● **Data section**:
++++
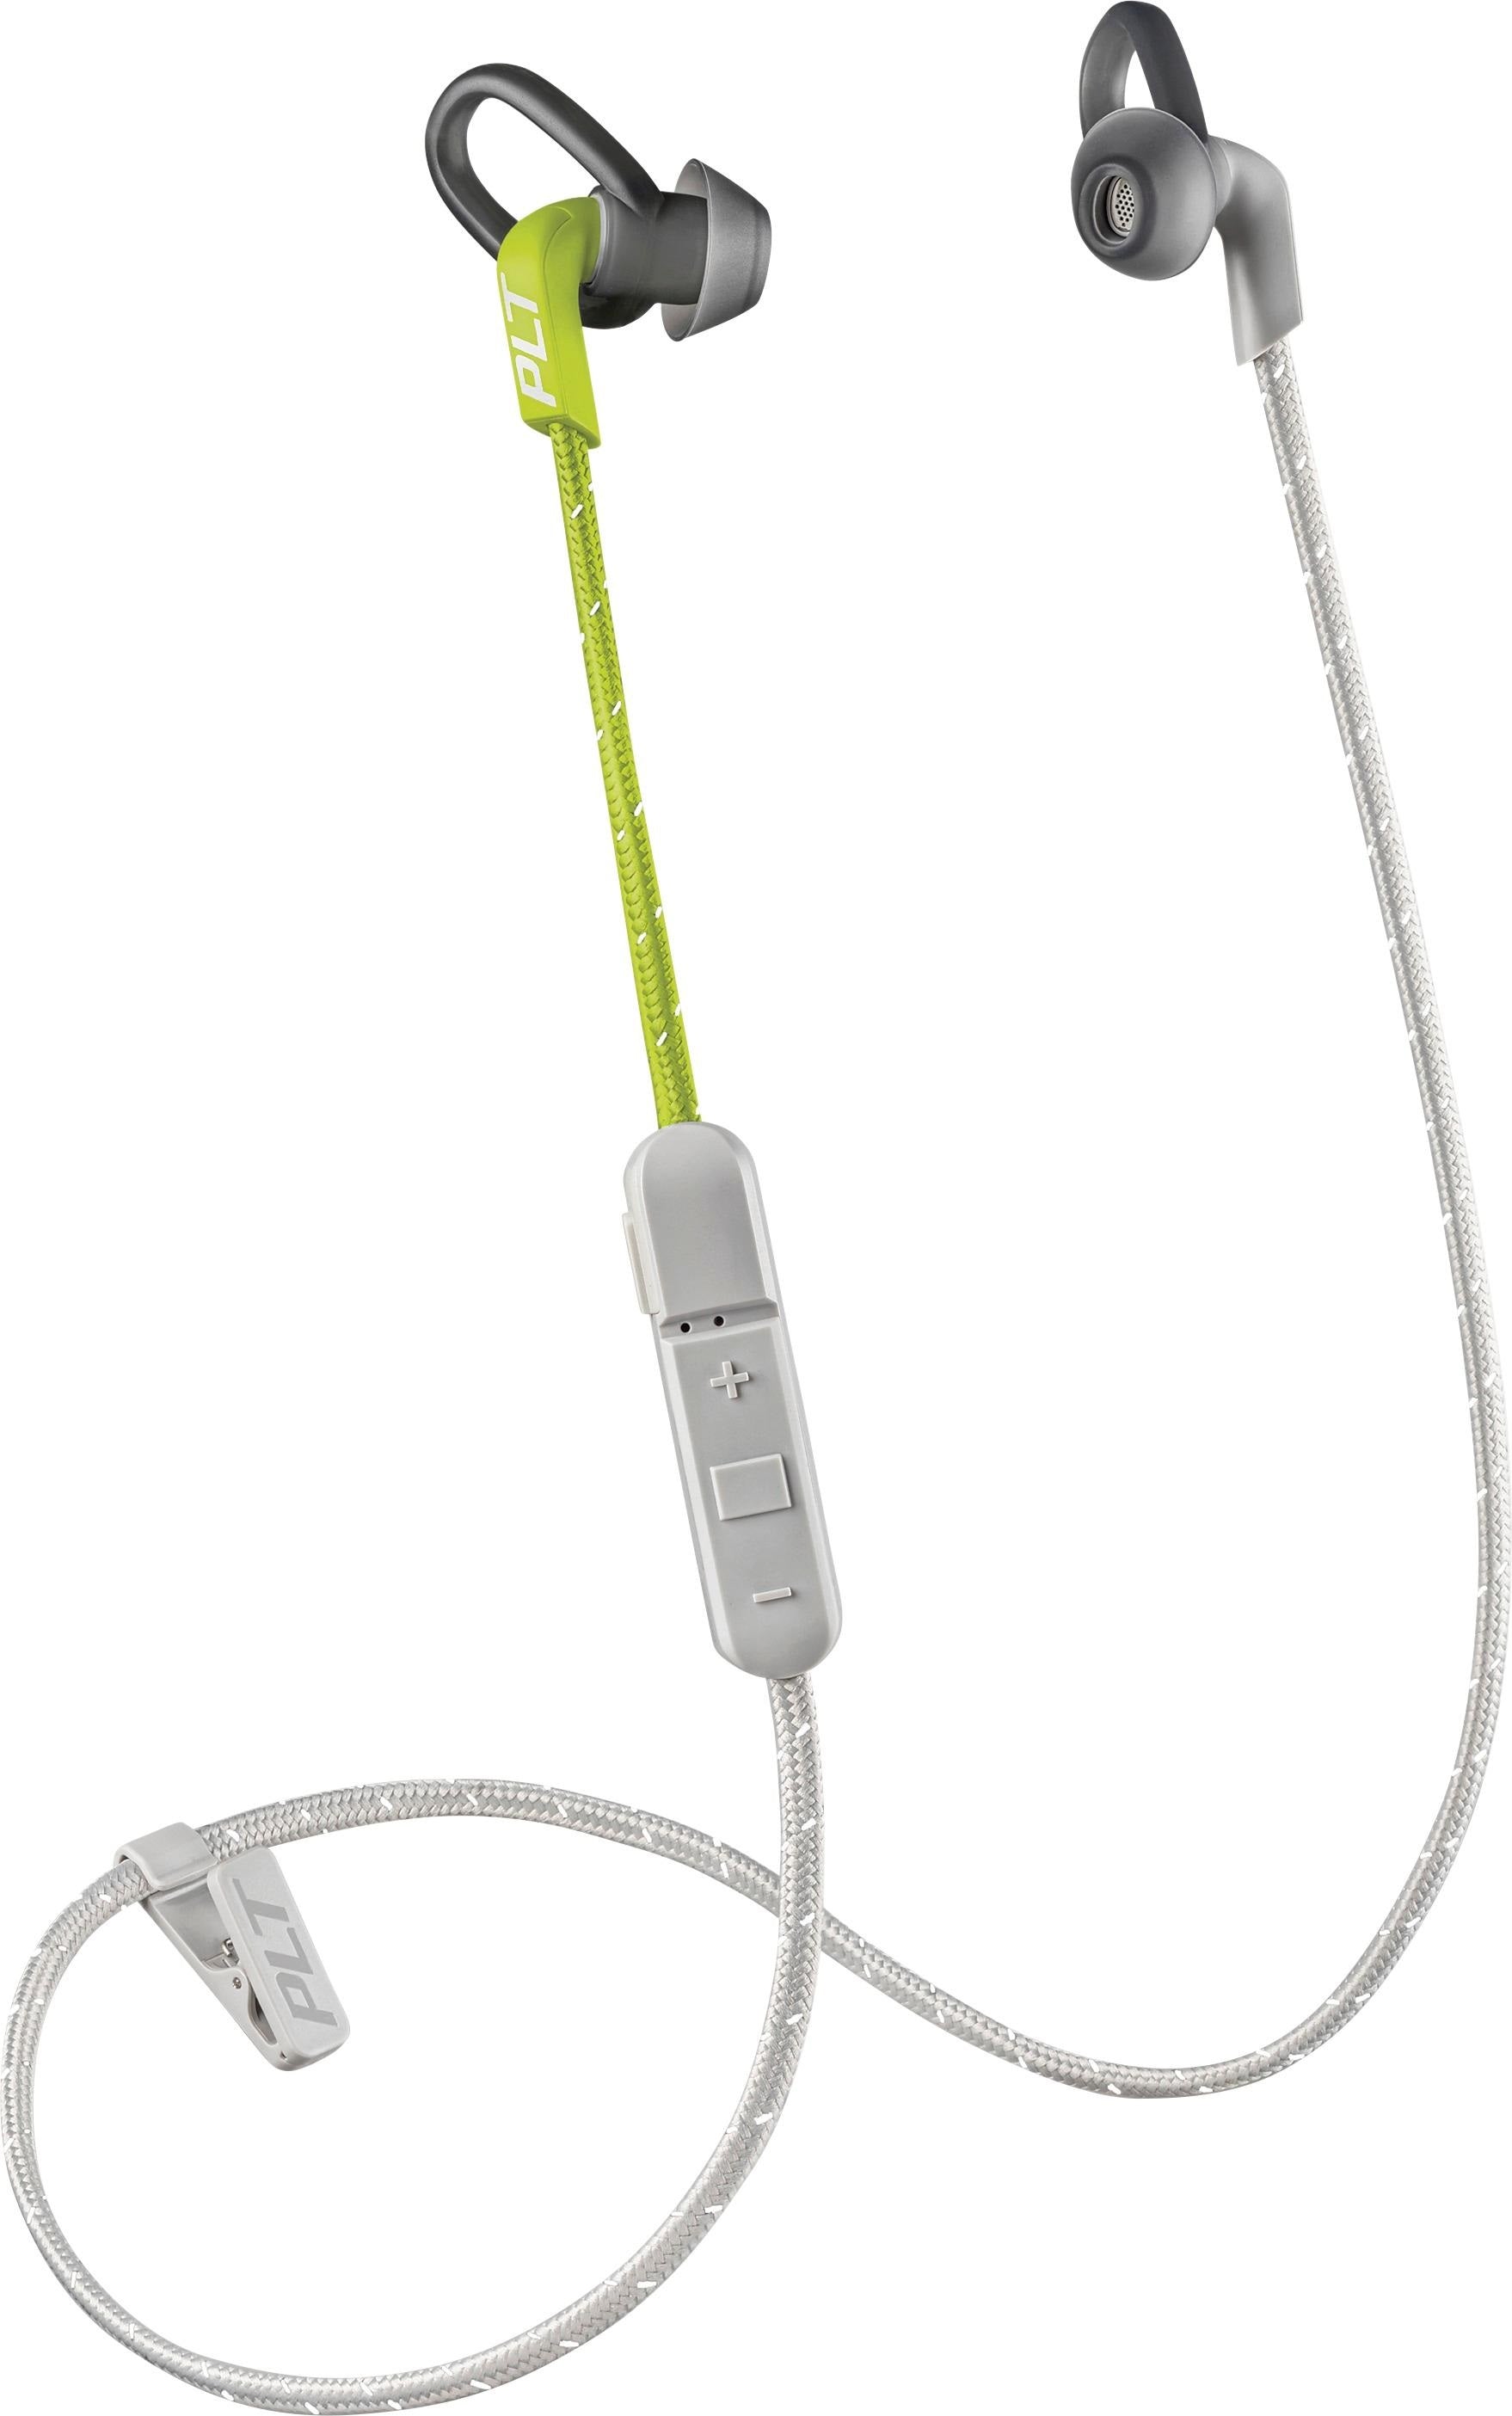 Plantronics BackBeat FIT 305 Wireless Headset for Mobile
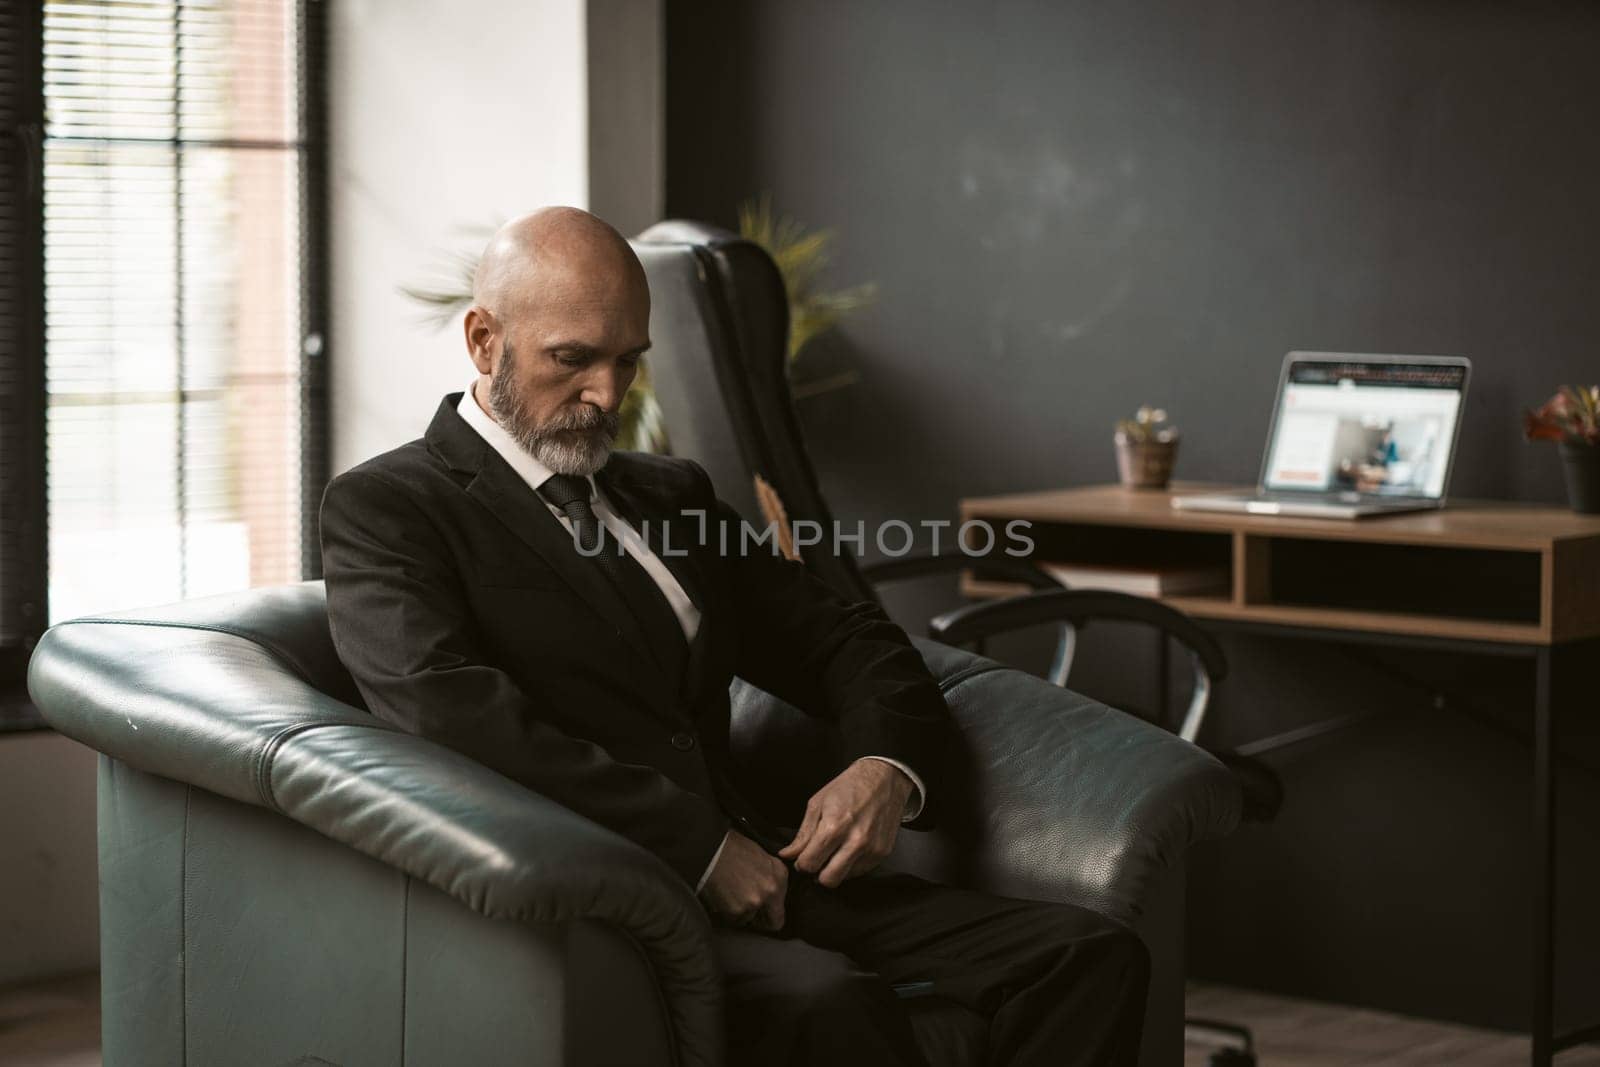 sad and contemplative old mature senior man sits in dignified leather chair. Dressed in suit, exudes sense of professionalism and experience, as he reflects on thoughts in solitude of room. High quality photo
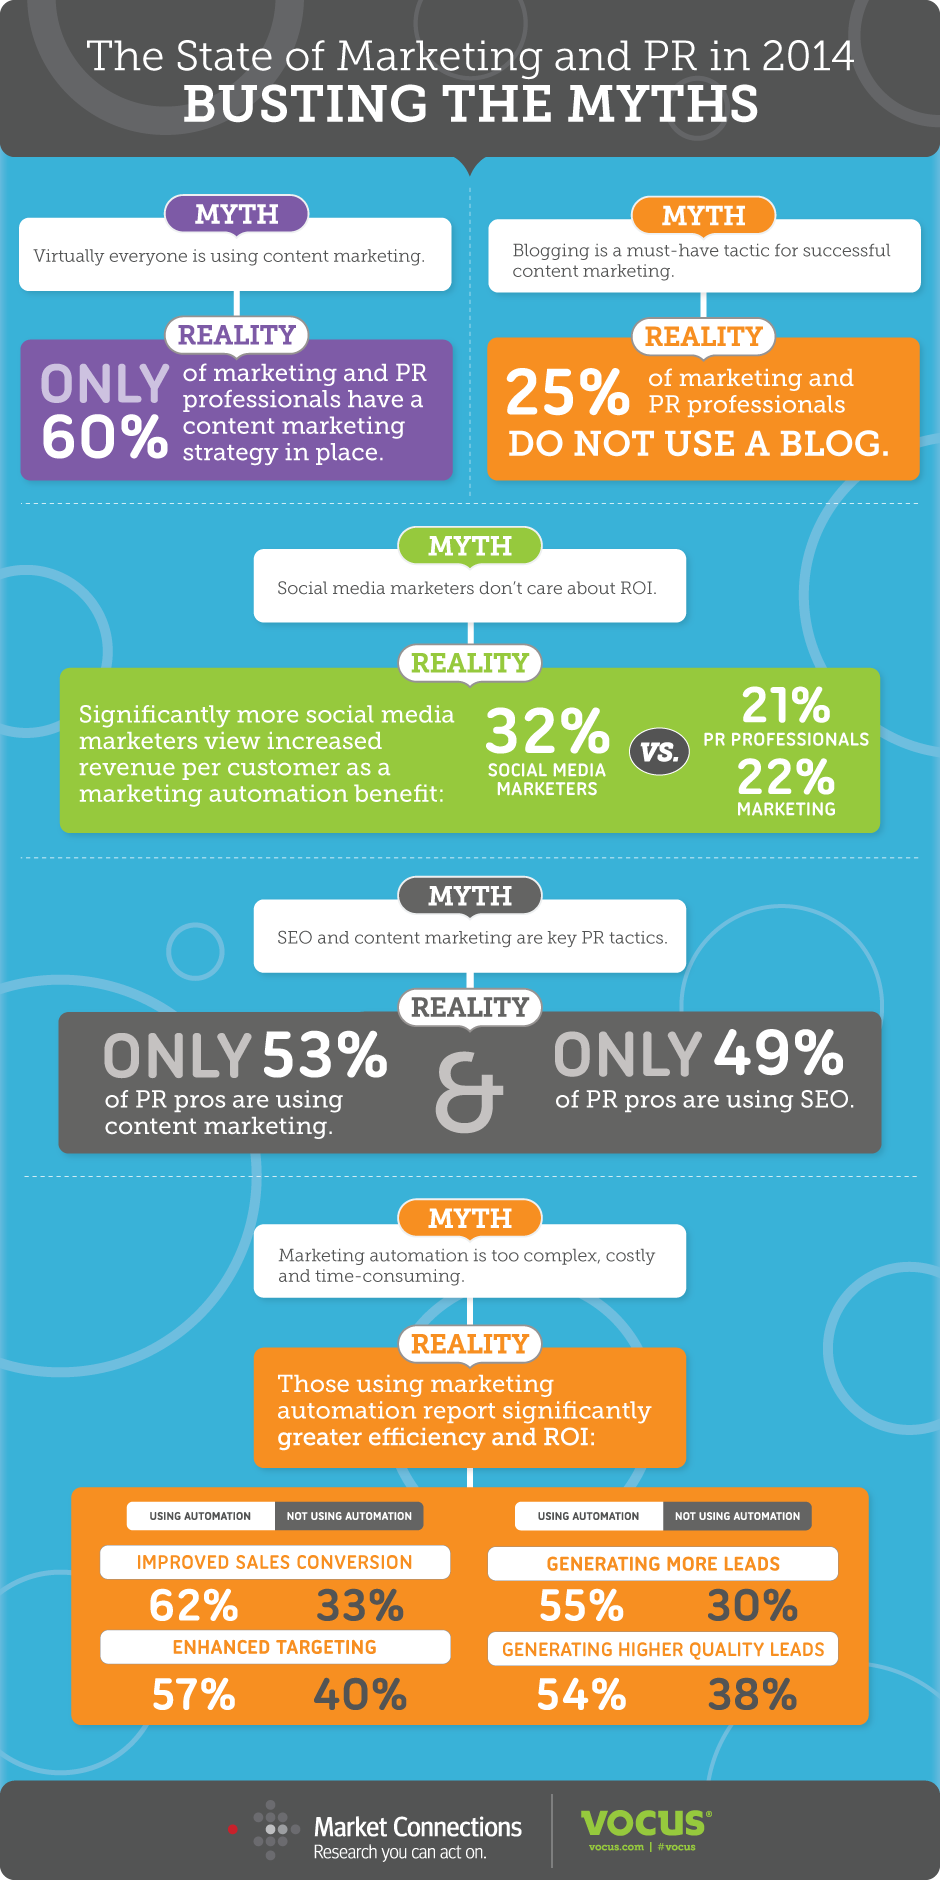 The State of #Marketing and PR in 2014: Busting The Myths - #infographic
++++
Repeat the material exactly. Any picture in it should be dropped.

● **Task answer**:
 Plantronics BackBeat FIT 305 Wireless Headset for Mobile
 sad and contemplative old mature senior man sits in dignified leather chair. Dressed in suit, exudes sense of professionalism and experience, as he reflects on thoughts in solitude of room. High quality photo
 The State of #Marketing and PR in 2014: Busting The Myths - #infographic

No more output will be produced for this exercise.